В поэме Ивана Карамазова о Великом инквизиторе дело разворачивается в Испании XVI века (правда, это объясняется в первую очередь литературной традицией, в которой могла бы возникнуть такая поэма, нежели внешними обстоятельствами [Достоевский, 2017, с. 254]). Ее краткий сюжет можно было бы описать так: Христос в образе человека второй раз приходит на землю «посетить детей своих и именно там, где затрещали костры еретиков» [Достоевский, 2017, с. 256]. Его узнают, и он начинает приобретать популярность среди народа. Он творит чудеса — исцеляет слепых, воскрешает мертвых... Глава Церкви узнает его и заключает в темницу, где между ними происходит разговор 1 [Достоевский, 2017, с. 257-271], в котором Инквизитор излагает свою позицию, а Христос молчит.

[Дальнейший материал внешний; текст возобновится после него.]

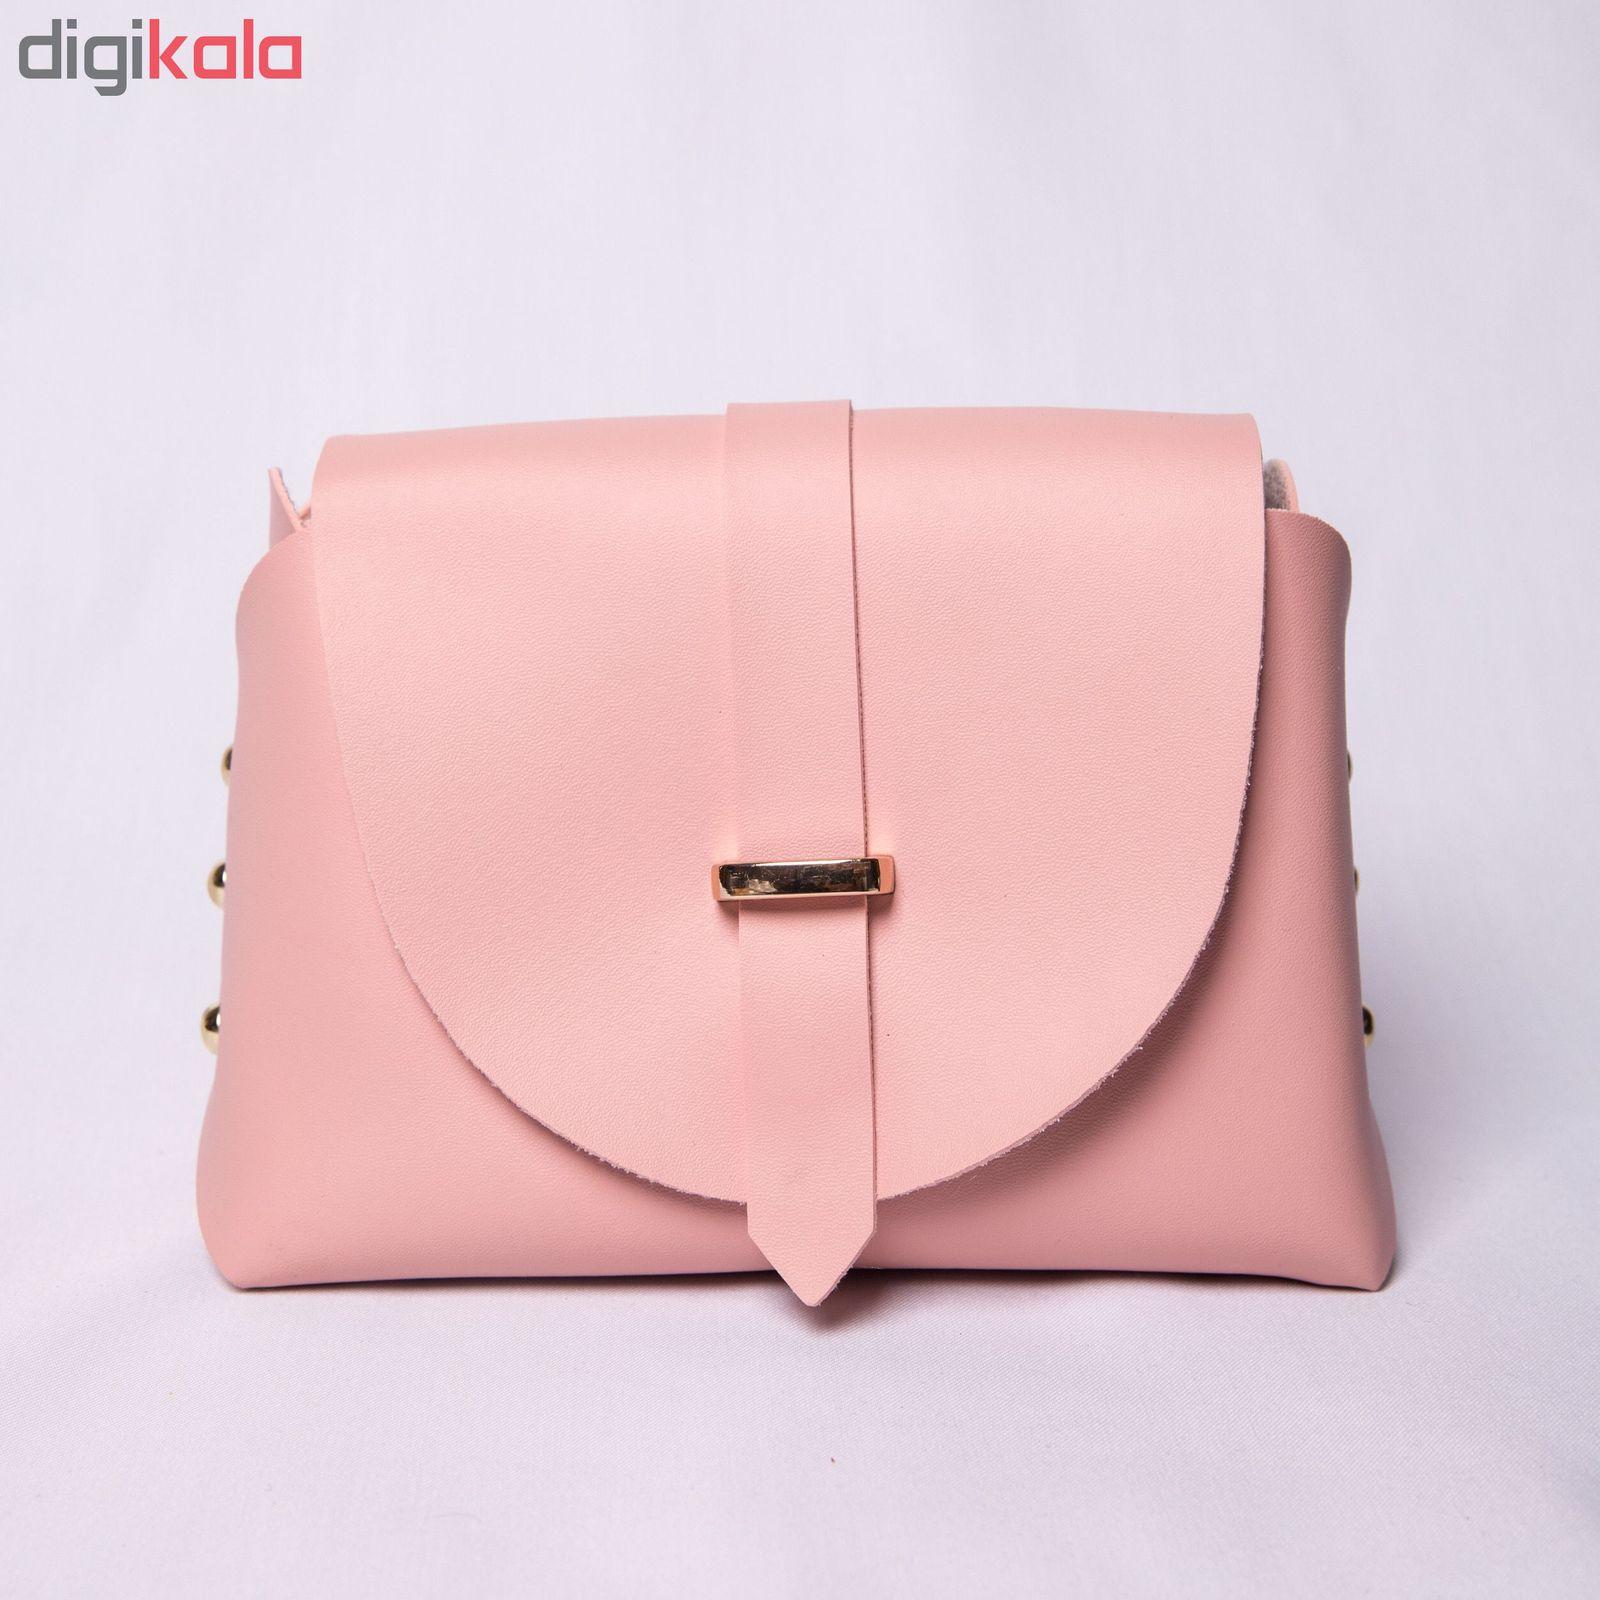 کیف دوشی زنانه مدل روشا -  - 5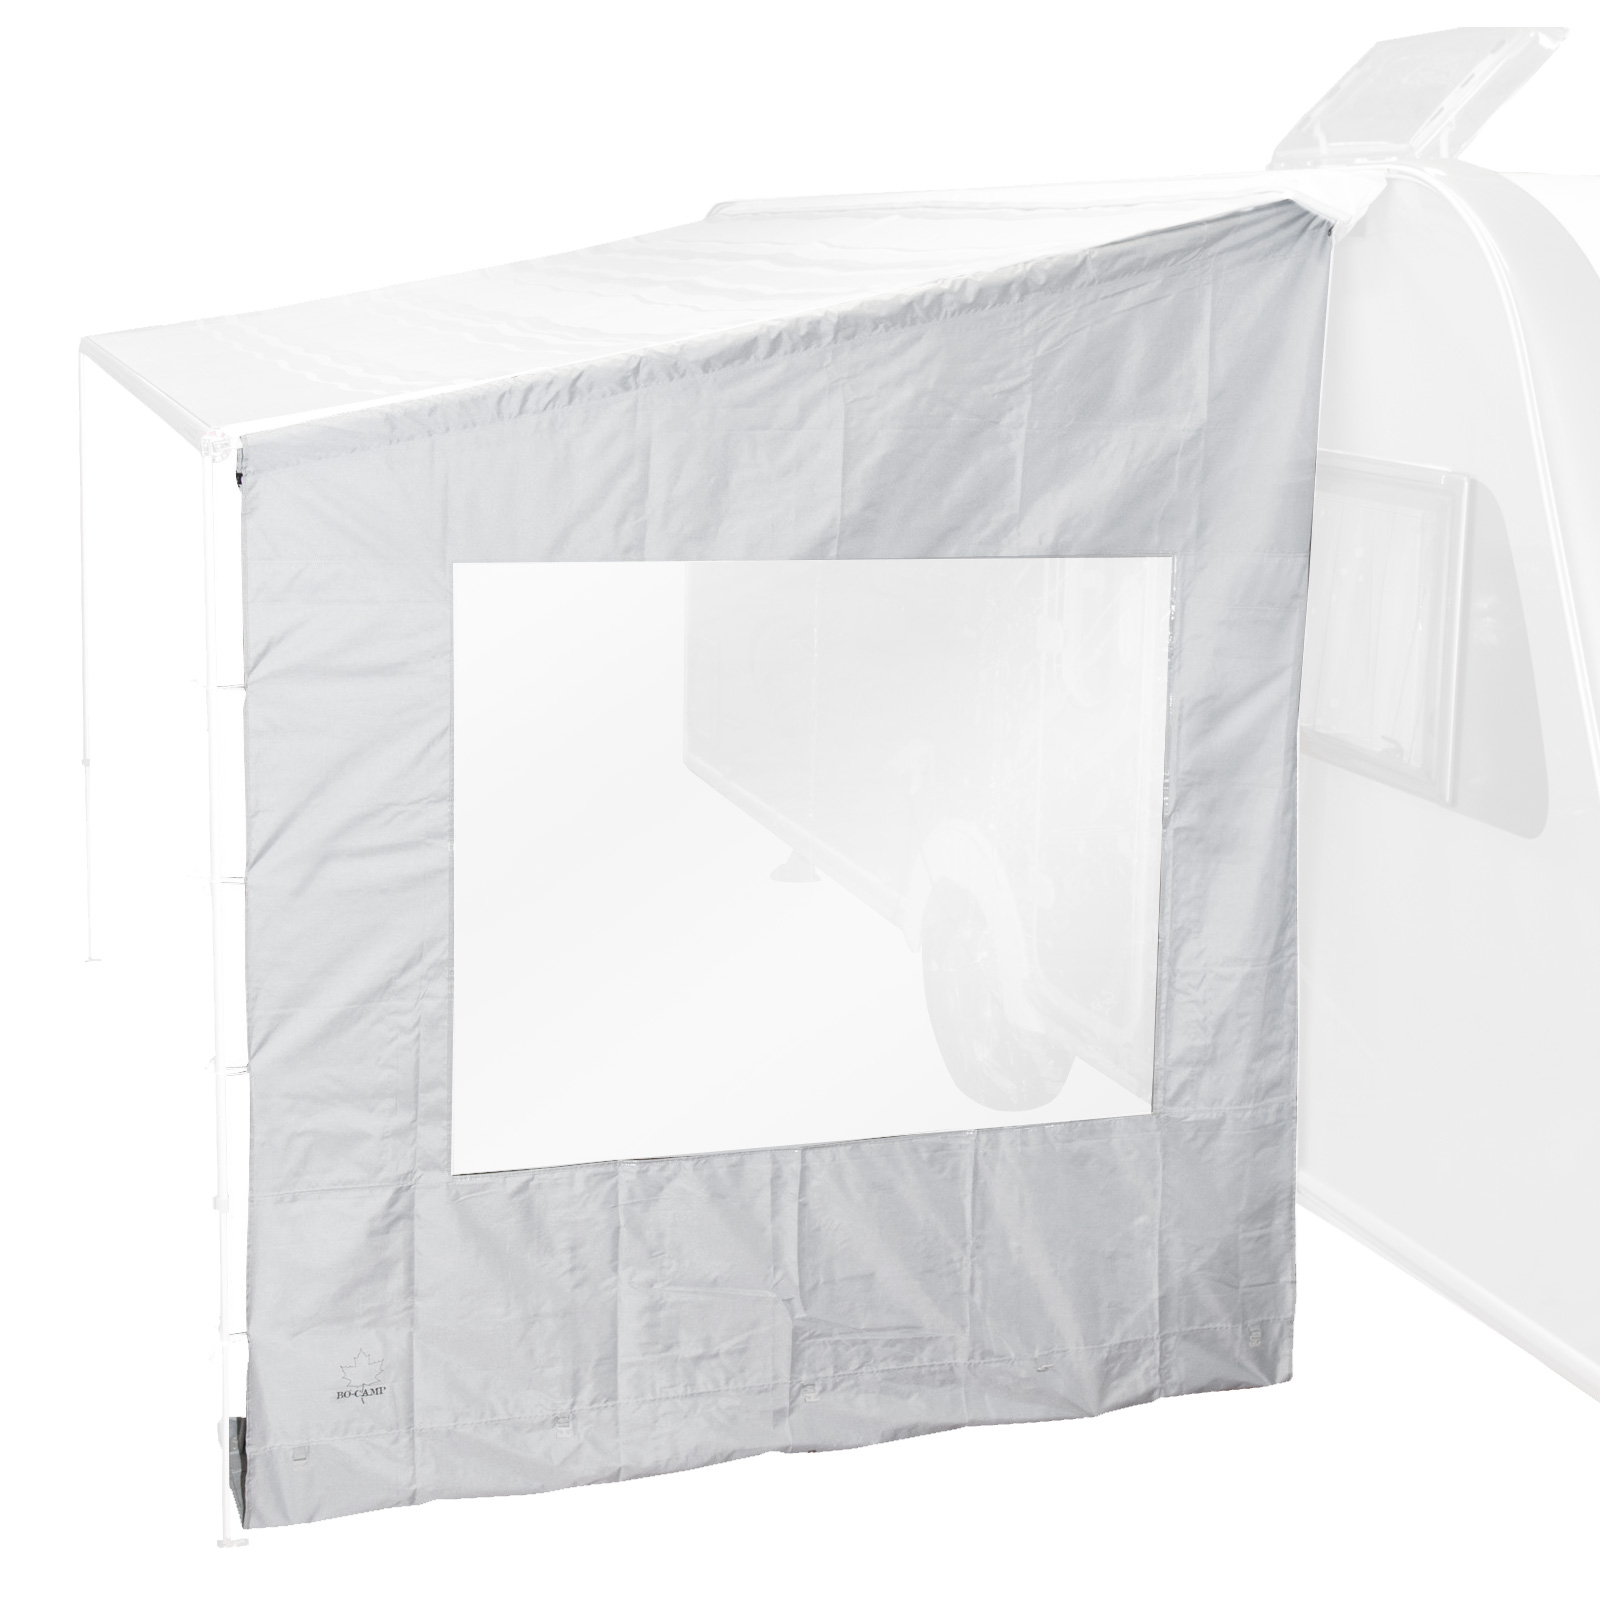 Universal-Seitenwand mit Fenster für Markise, grau, 225x213x290 cm

В конце Инквизитор отпускает Христа. Центральным, наиболее объемным и содержательным в главе «Великий инквизитор» является именно разговор Инквизитора с Христом в тюрьме.
«Повесть» В. С. Соловьева имеет своим содержанием историю из ХХ-ХХ1 веков, что придает ей пророческий характер. Сначала автор рассказывает о движении панмонголизма (объединении азиатских народов против всех остальных), в результате действий которого мир был покорен китайскими войсками, однако потом благодаря успешному восстанию Европы против азиатского владычества, установился «союз более или менее демократических государств — европейские соединенные штаты» [Соловьев, 1988, с. 739]. В результате такого общественного строя устанавливается определенный тип культуры, который описывается Соловьевым как секулярная и прогрессивная. В это время появляется человек, уже к тридцати трем годам прославившийся своей гениальностью как мыслитель, писатель и общественный деятель. Он верит в Бога, но будучи самолюбивым, мыслит себя сыном Божьим, то есть в статусе Христа, однако «не исправителем [как Христос], а благодетелем этого отчасти исправленного, отчасти неисправимого человечества» [Соловьев, 1988, с. 741]. Он видел свою фигуру как более существенную, по сравнению с фигурой Христа по той причине, что Христос оказывался его предтечей, в то время как сам этот
1 О том, почему это следует считать разговором, а не монологом, см.: [Булгаков, 1902, с. 848].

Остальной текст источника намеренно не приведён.